Anyone tried inference with v3 trained model via git. I am getting RuntimeError: The size of tensor a (397) must match the size of tensor b (200) at non-singleton dimension 3 for the image which I passed to the model.
@wolfshow

It is hard to locate the cause of errors and debug without error stack traces. It would be helpful to provide more information about your running command, your inference task, the exact error line, and the full error stack trace.

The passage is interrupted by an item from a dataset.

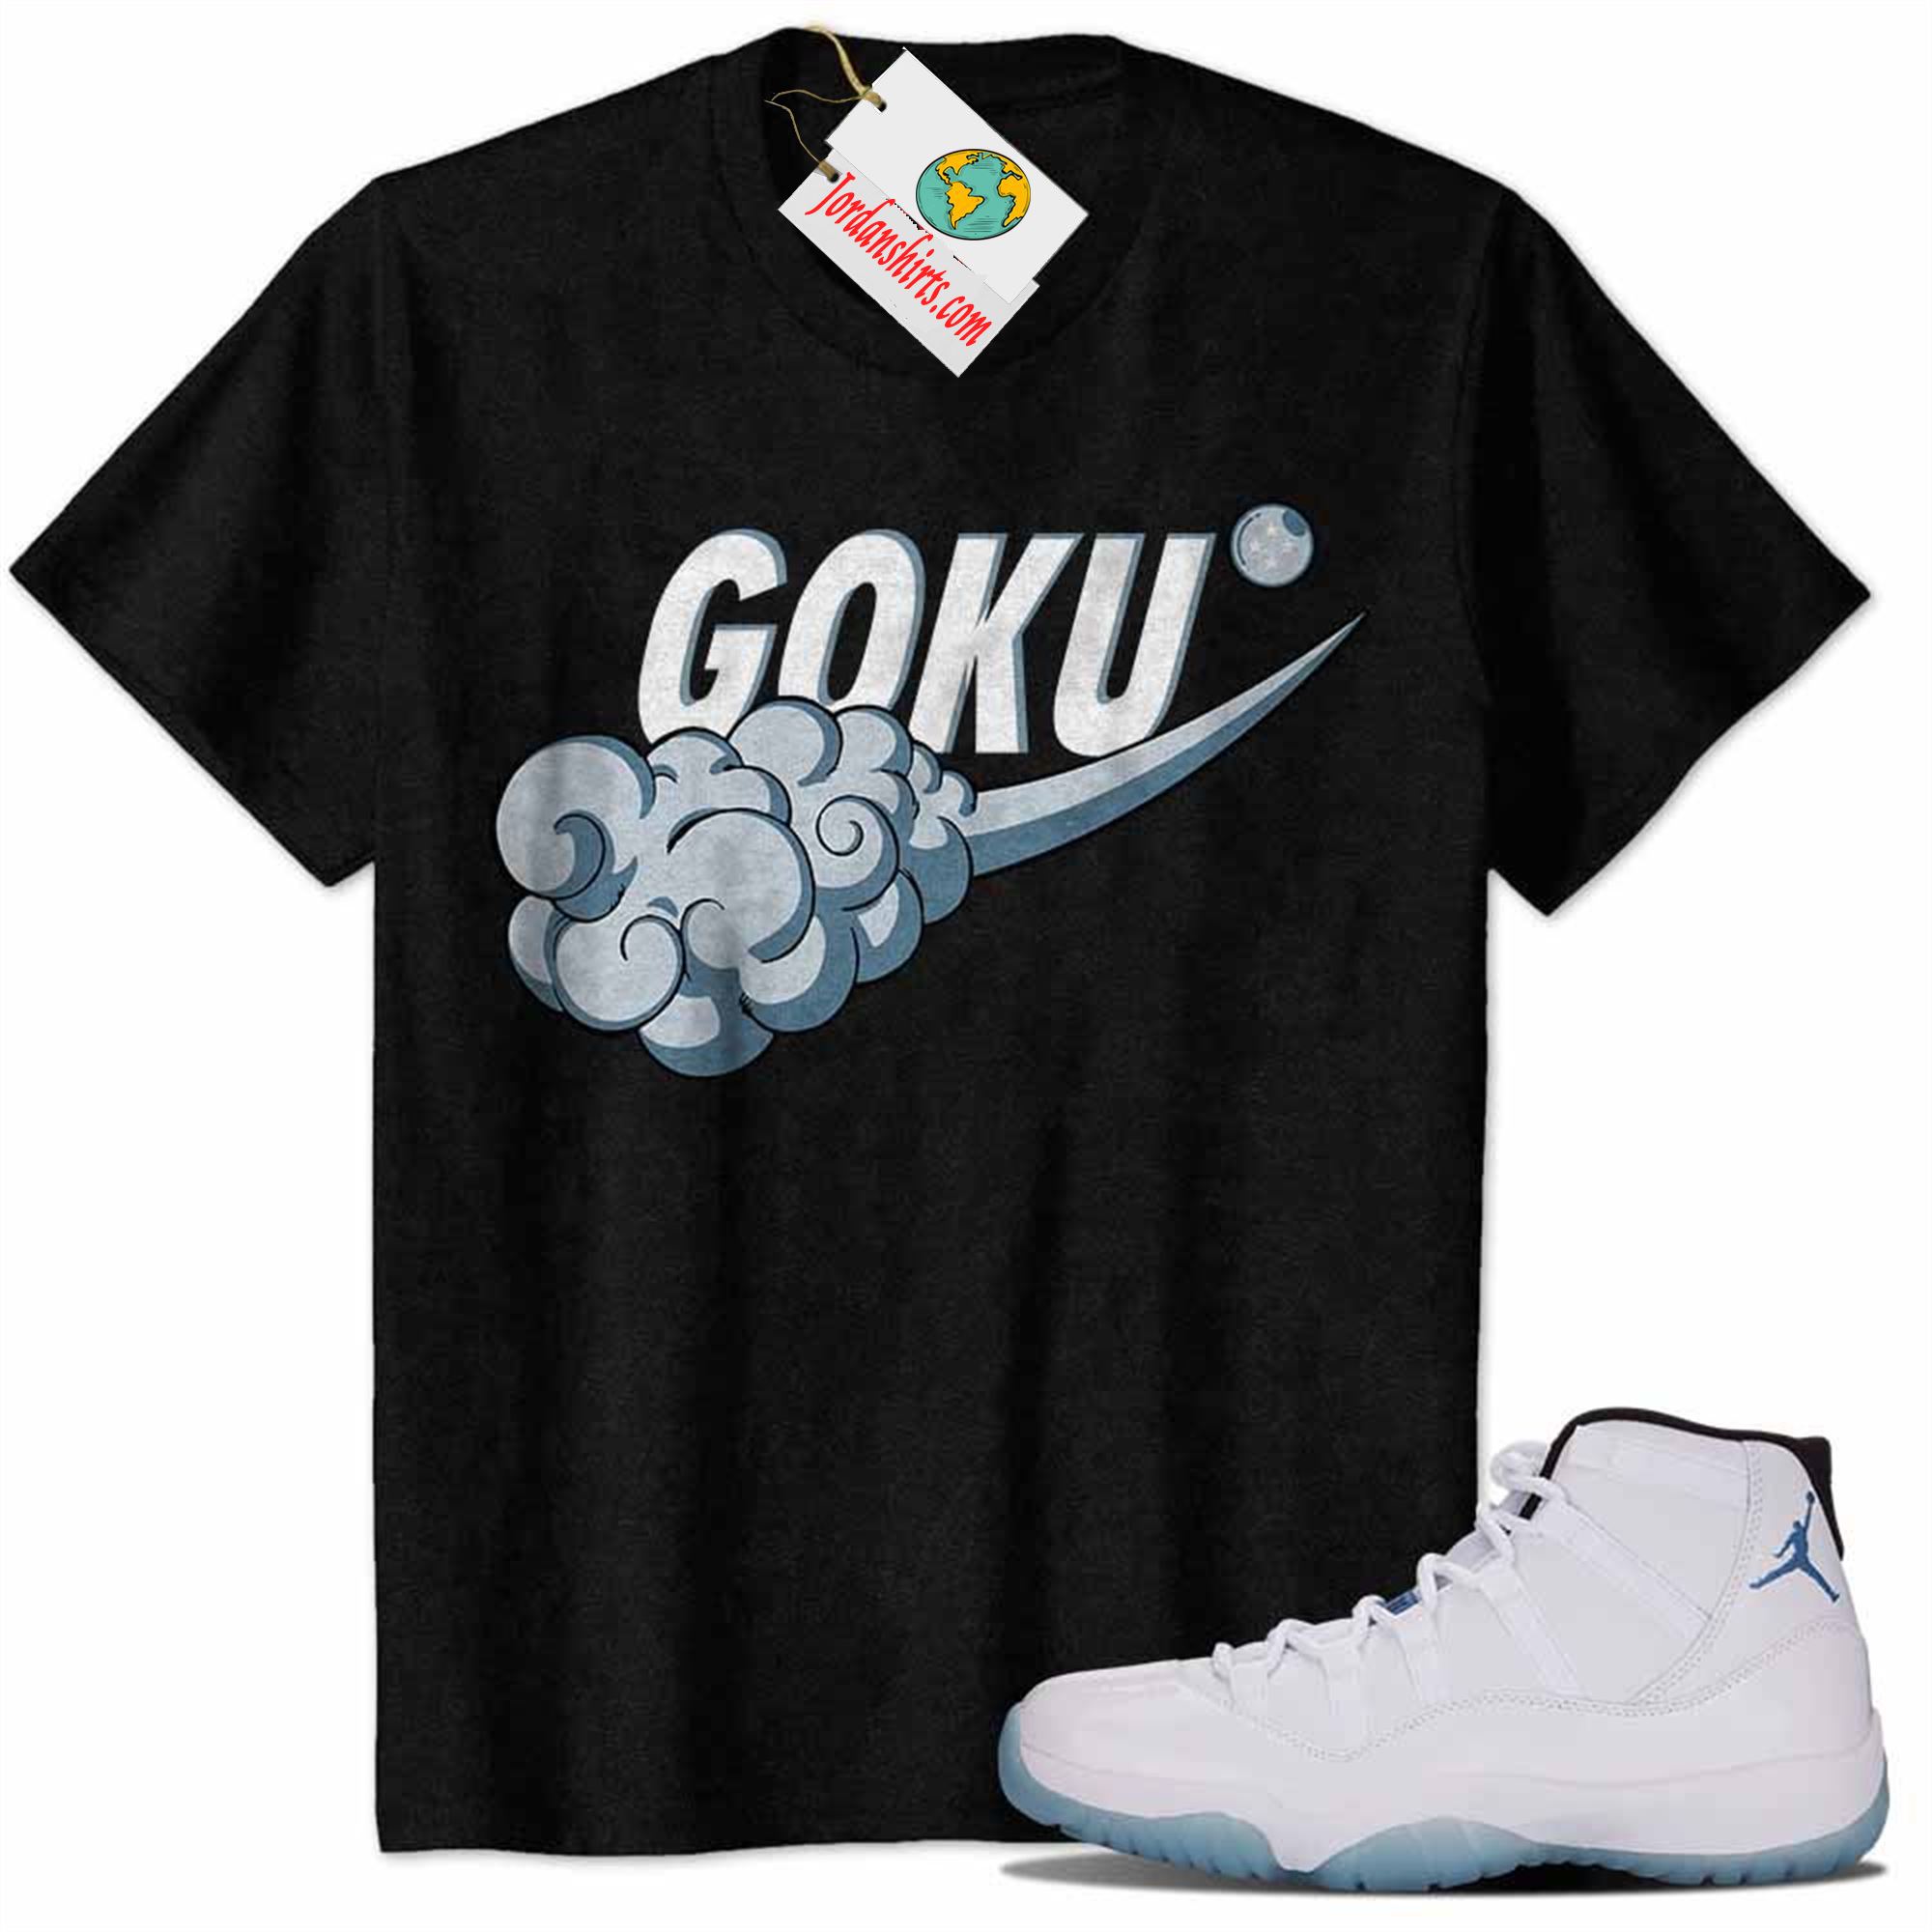 Jordan 11 Shirt, Dragonball Z Nike Goku Nimbus Cloud Black Air Jordan 11 Legend Blue 11s Plus Size Up To 5xl

batchd_cls = process_in_batches(data[start_pos: end_pos],image)
File "form_test_new.py", line 129, in process_in_batches
outputs = model(input_ids=batch_input_ids, bbox=bbox, attention_mask=batch_attention_mask,labels=None,images=image)
File "/anaconda/envs/layoutlmv3/lib/python3.7/site-packages/torch/nn/modules/module.py", line 1102, in _call_impl
return forward_call(*input, **kwargs)
File "/anaconda/envs/layoutlmv3/lib/python3.7/site-packages/layoutlmft/models/layoutlmv3/modeling_layoutlmv3.py", line 1050, in forward
images=images,
File "/anaconda/envs/layoutlmv3/lib/python3.7/site-packages/torch/nn/modules/module.py", line 1102, in _call_impl
return forward_call(*input, **kwargs)
File "/anaconda/envs/layoutlmv3/lib/python3.7/site-packages/layoutlmft/models/layoutlmv3/modeling_layoutlmv3.py", line 949, in forward
Wp=Wp,
File "/anaconda/envs/layoutlmv3/lib/python3.7/site-packages/torch/nn/modules/module.py", line 1102, in _call_impl
return forward_call(*input, **kwargs)
File "/anaconda/envs/layoutlmv3/lib/python3.7/site-packages/layoutlmft/models/layoutlmv3/modeling_layoutlmv3.py", line 643, in forward
rel_2d_pos=rel_2d_pos,
File "/anaconda/envs/layoutlmv3/lib/python3.7/site-packages/torch/nn/modules/module.py", line 1102, in _call_impl
return forward_call(*input, **kwargs)
File "/anaconda/envs/layoutlmv3/lib/python3.7/site-packages/layoutlmft/models/layoutlmv3/modeling_layoutlmv3.py", line 442, in forward
rel_2d_pos=rel_2d_pos,
File "/anaconda/envs/layoutlmv3/lib/python3.7/site-packages/torch/nn/modules/module.py", line 1102, in _call_impl
return forward_call(*input, **kwargs)
File "/anaconda/envs/layoutlmv3/lib/python3.7/site-packages/layoutlmft/models/layoutlmv3/modeling_layoutlmv3.py", line 403, in forward
rel_2d_pos=rel_2d_pos,
File "/anaconda/envs/layoutlmv3/lib/python3.7/site-packages/torch/nn/modules/module.py", line 1102, in _call_impl
return forward_call(*input, **kwargs)
File "/anaconda/envs/layoutlmv3/lib/python3.7/site-packages/layoutlmft/models/layoutlmv3/modeling_layoutlmv3.py", line 331, in forward
attention_scores = attention_scores + attention_mask
RuntimeError: The size of tensor a (397) must match the size of tensor b (200) at non-singleton dimension 3
Processing - 8 / 1363
^CTraceback (most recent call last):
File "form_test_new.py", line 161, in
image, size = load_image(img_path)
File "/anaconda/envs/layoutlmv3/lib/python3.7/site-packages/layoutlmft/data/image_utils.py", line 26, in load_image
image = torch.tensor(img_trans.apply_image(image).copy()).permute(2, 0, 1) # copy to make it writeable
File "/anaconda/envs/layoutlmv3/lib/python3.7/site-packages/fvcore/transforms/transform.py", line 297, in
return lambda x: self._apply(x, name)
File "/anaconda/envs/layoutlmv3/lib/python3.7/site-packages/fvcore/transforms/transform.py", line 291, in _apply
x = getattr(t, meth)(x)
File "/anaconda/envs/layoutlmv3/lib/python3.7/site-packages/detectron2/data/transforms/transform.py", line 121, in apply_image
pil_image = Image.fromarray(img)
File "/anaconda/envs/layoutlmv3/lib/python3.7/site-packages/PIL/Image.py", line 2945, in fromarray
obj = obj.tobytes()
KeyboardInterrupt
@HYPJUDY

According to the message of

attention_scores = attention_scores + attention_mask
RuntimeError: The size of tensor a (397) must match the size of tensor b (200) at non-singleton dimension 3

it seems that one of attention_scores or attention_mask does not take into count the image size, i.e. 197 = 14 x 14 + 1 = 397 - 200.
For example, the error can occur if you input the image and text together into the model so the attention_scores has a size of 397 at dimension 3, but you do not consider the image to extend the size of attention_mask.